Shades of Blue, the new NBC police series starring Jennifer Lopez, starts with a bang. Lopez plays Harlee Santos, a single mother and resourceful, but compromised detective at the heart of a tight-knit crew of Brooklyn detectives. Led by enigmatic Lt. Matt Wozniak (Ray Liotta), Santos is looking far from glamorous while confessing to all manner of shady dealings after being busted by the FBI. As the tired, bruised Santos starts to sing, we flashback to the twisty course of events that have landed her in trouble.
That’s the setup of Shades of Blue, a cinematically inspired story following Santos as she’s wired and pitted against her very own unit. As newly turned informant, she struggles to safeguard herself and avoid arrest while engaging in a perilous dance with her FBI handler, Special Agent Stahl (Warren Kole). Stahl soon develops an unhealthy obsession with her, as Wozniak, acting as the unit’s patriarch, begins an all-consuming hunt for the unidentified informant.
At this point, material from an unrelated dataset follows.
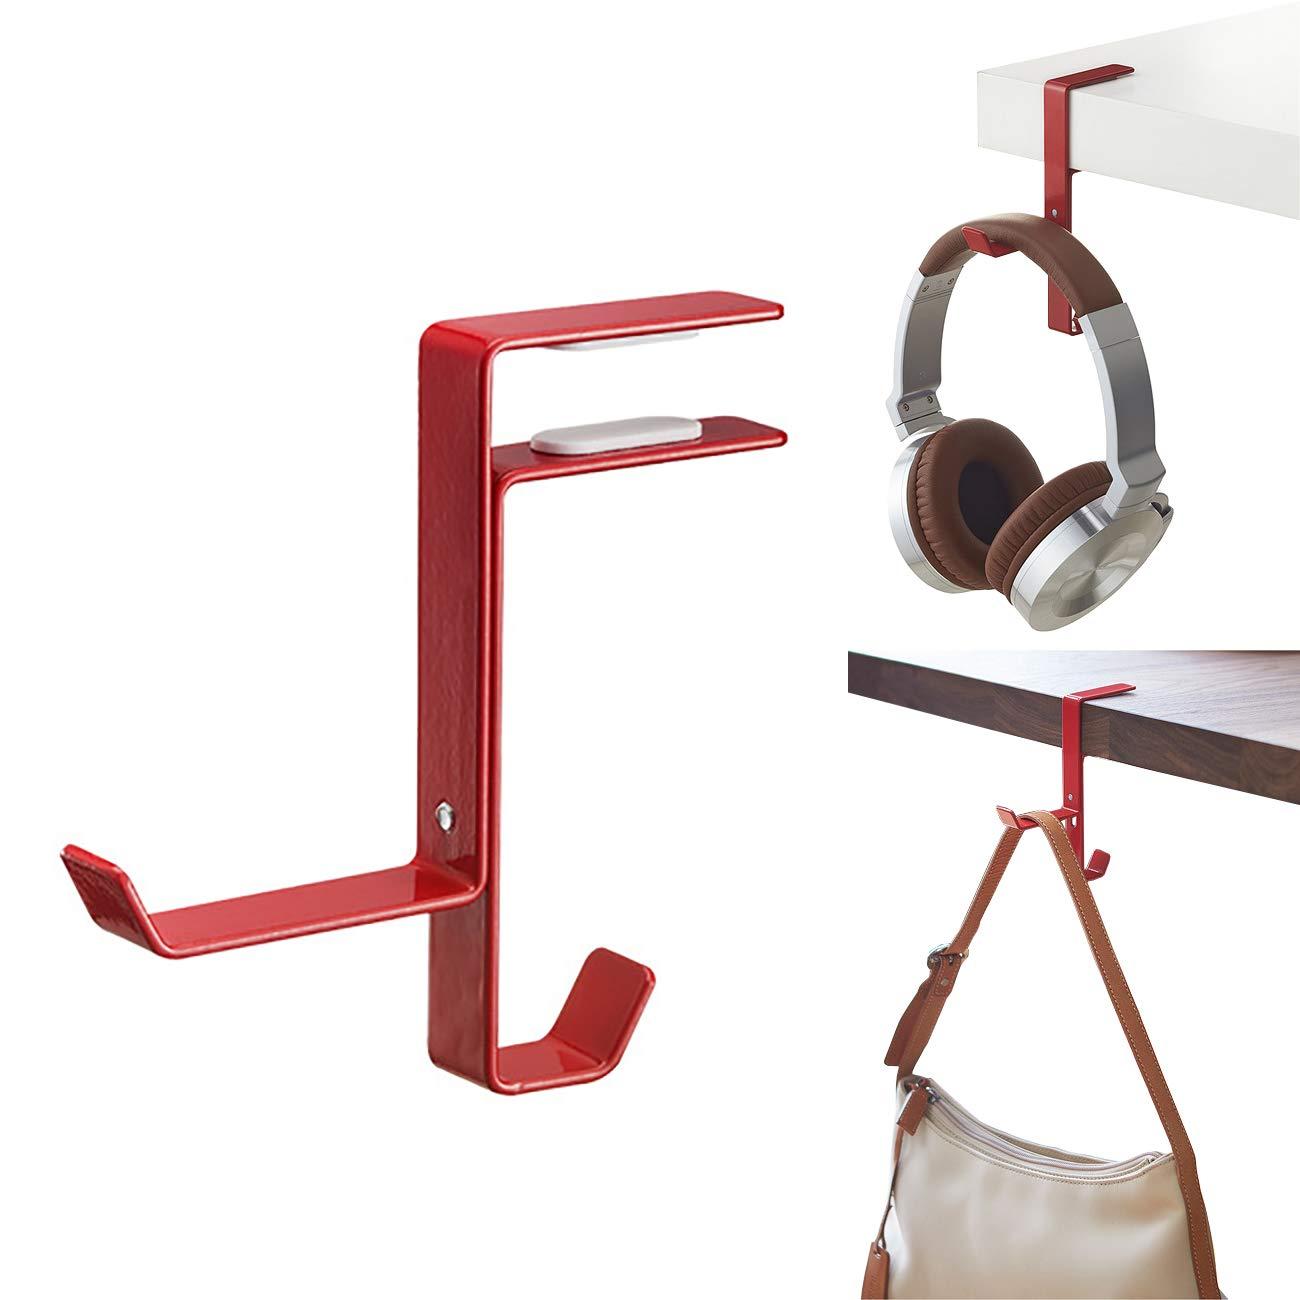 Oriolus メタルヘッドホンハンガー ヘッドセットフックホルダー 調整可能なクランプ付き デスク用 レッド  レッド B07RP76K7N

A top-notch cast includes Drea de Matteo (The Sopranos, Sons of Anarchy), Dayo Okeniyi (Terminator Genisys, The Hunger Games), Vincent Laresca (The Aviator, The Fast and the Furious: Tokyo Drift), Hampton Fluker (Aquarius, The Blind Side) and Sarah Jeffery (Rogue, Wayward Pines).
The show also boasts heavyweight talent in executive producer Barry Levinson (Rain Man, And Justice for All), who also directed the pilot and first episode, series creator and writer Adi Hasak (Generation Kill, 3 Days to Kill), and EPs Elaine Goldsmith-Thomas, Benny Medina, Ryan Seacrest and Nina Wass (and Lopez).
If TV is the new cinema, then the show’s polished and ambitious look goes to both Levinson and director of photography Stefan Czapsky, ASC. Czapsky is widely recognized for his work crafting iconic films such as Edward Scissorhands, Batman Returns, Blades of Glory and Ed Wood.
Coincidentally, for one of his first projects as a DP, Czapsky shot another cop story with “Blue” in the title, director Errol Morris’ acclaimed 1988 documentary The Thin Blue Line. He subsequently shot on inventive cult pictures including Vampire’s Kiss and Last Exit to Brooklyn.
Shades of Blue marks Czapsky’s first foray into episodic TV. “When Barry hired me, he expressed a desire to do something fresh, even showed me a Steve Wozniak Cadillac car commercial on his iPhone that also encouraged me to be inventive,” recalls Czapsky on meeting Levinson.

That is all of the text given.